Оскорбленный подьячий вызвал стрелецкий караул. Хотел даже буяна в тюрьму отправить, но передумал – велел доставить под стражей к командиру полка, где Корнелиусу служить.
– Полковник Либенов покажет тебе, как государевых людей лаять и за царский кафтан трепать! – кричал подлый вице-министр, а толмач старательно переводил. – Он тебя в погреб посадит, на хлеб и воду, да батогами!
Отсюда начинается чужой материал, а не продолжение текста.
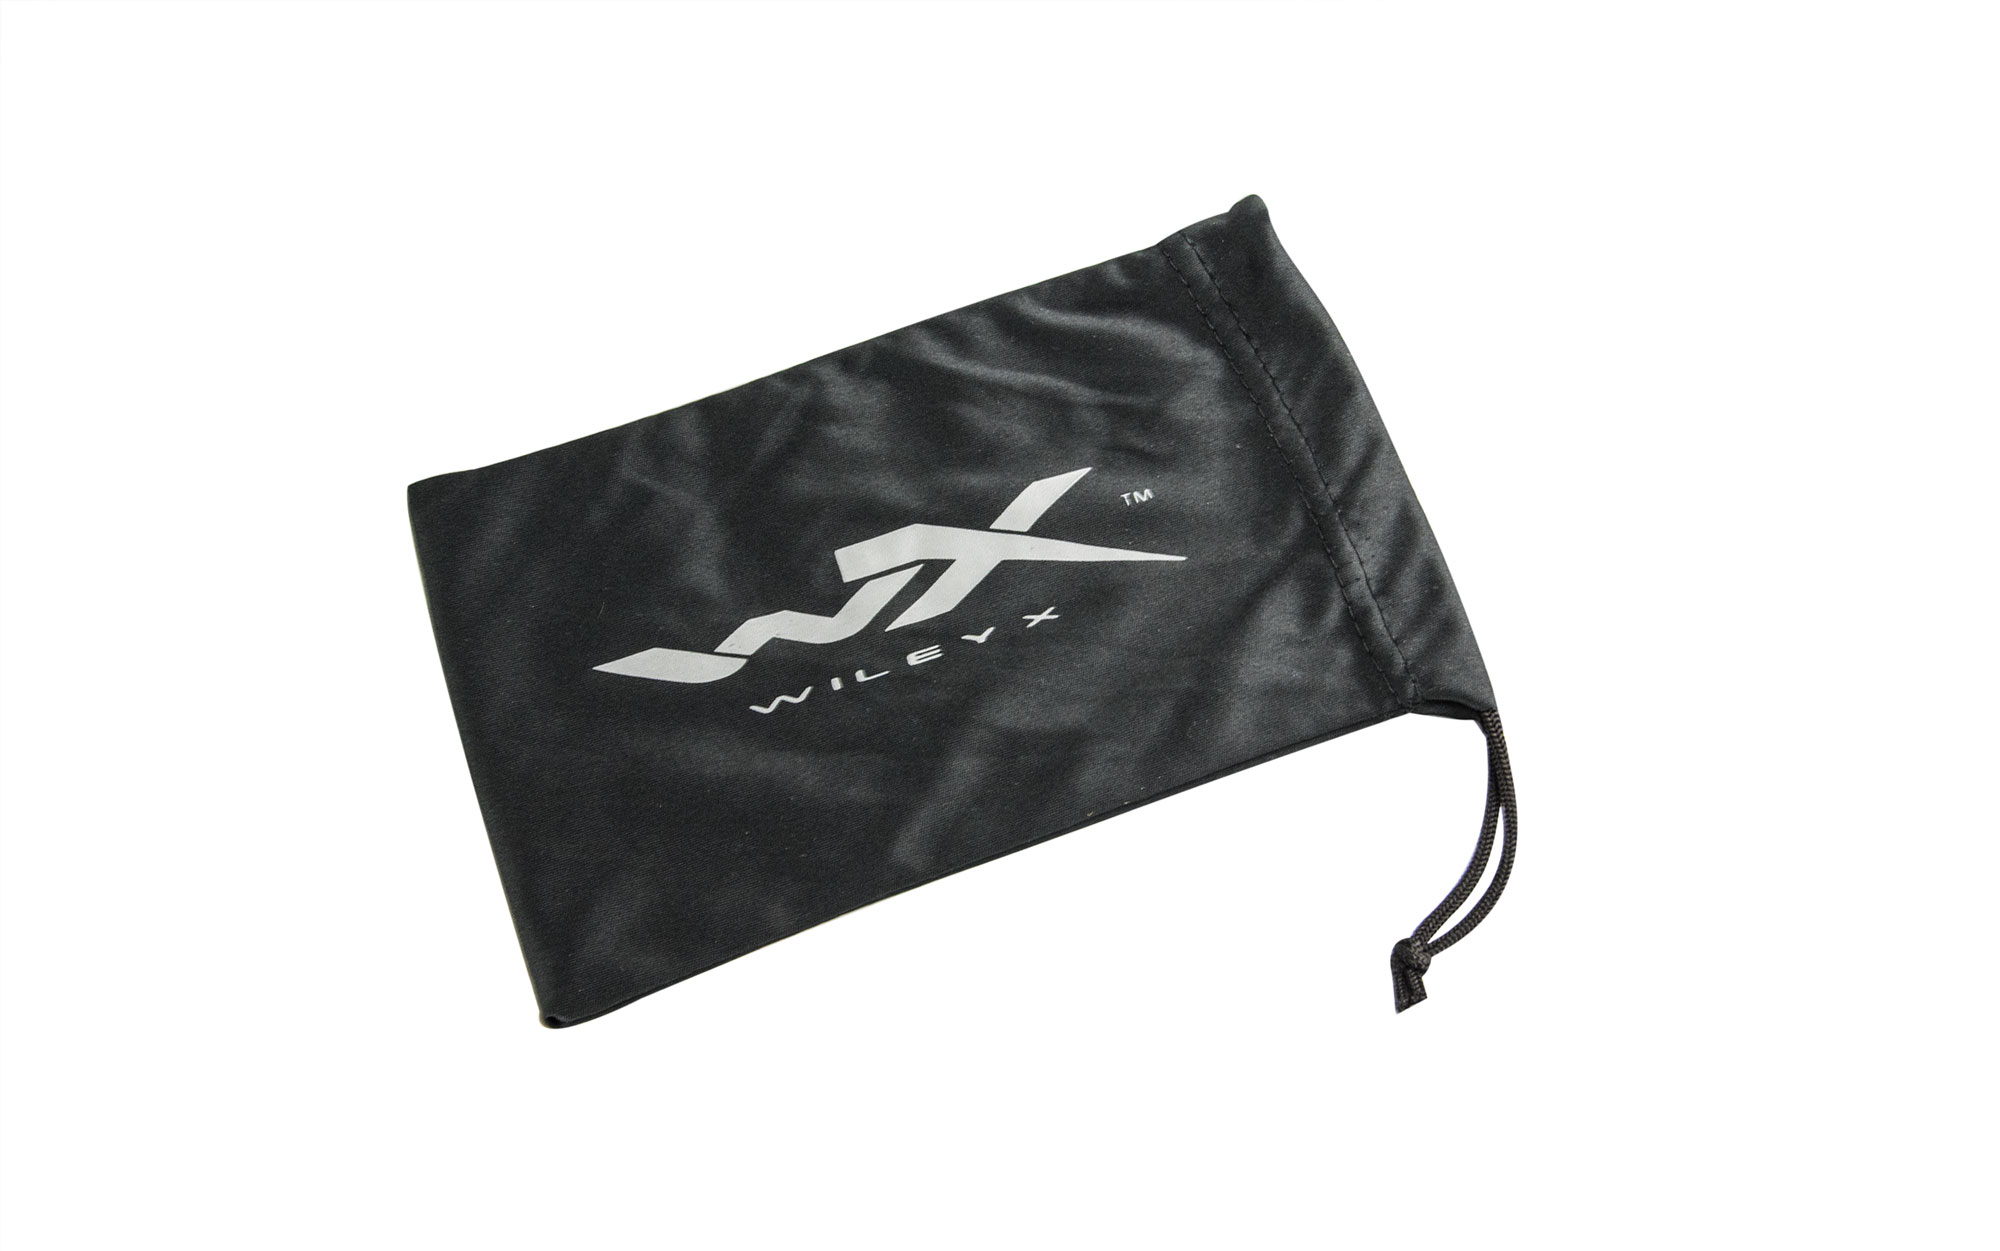 Microfiber Drawstring Bag Image

А не станет батогами – буду на него самого челом за бесчестье бить!
Проезд по быстро пустеющей предвечерней Москве запомнился потрясенному Корнелиусу, как кошмарный сон. Хищные укосы крыш, зловещие персты звонниц, похоронный гуд колоколов. Фон Дорн горестно стонал, покачиваясь в седле, даже заплакал от обиды и жалости к себе – лицо закрыл ладонями, чтоб конвоиры не радовались. Коня вел за повод сам стрелецкий десятник, каурую с поклажей тянули аж двое. Она, умница, не хотела идти, прядала ушами, упиралась.
За воротами земляного вала – не теми, через которые въезжал караван, другими – открылся вид на экзекуционный плац. Виселицы с покачивающимися мертвяками Корнелиус оглядел мельком, это было не диво, от кольев с насаженными руками и ногами отвернулся, но чуть поодаль увидел такое, что даже вскрикнул.
Довольно большая кучка зевак стояла вокруг женщины, зарытой в землю по самые плечи. Она была побитая и перепачканная грязью, но живая. Фон Дорн вспомнил, как купцы рассказывали про жестокий обычай московитов жену, что убьет мужа, не жечь на костре, как принято в цивилизованных странах, а закапывать живой в землю, пока не издохнет. Он-то думал, закапывают с головой, чтоб задохнулась – тоже ведь страшно. Но этак вот, на долгую муку, во стократ страшнее.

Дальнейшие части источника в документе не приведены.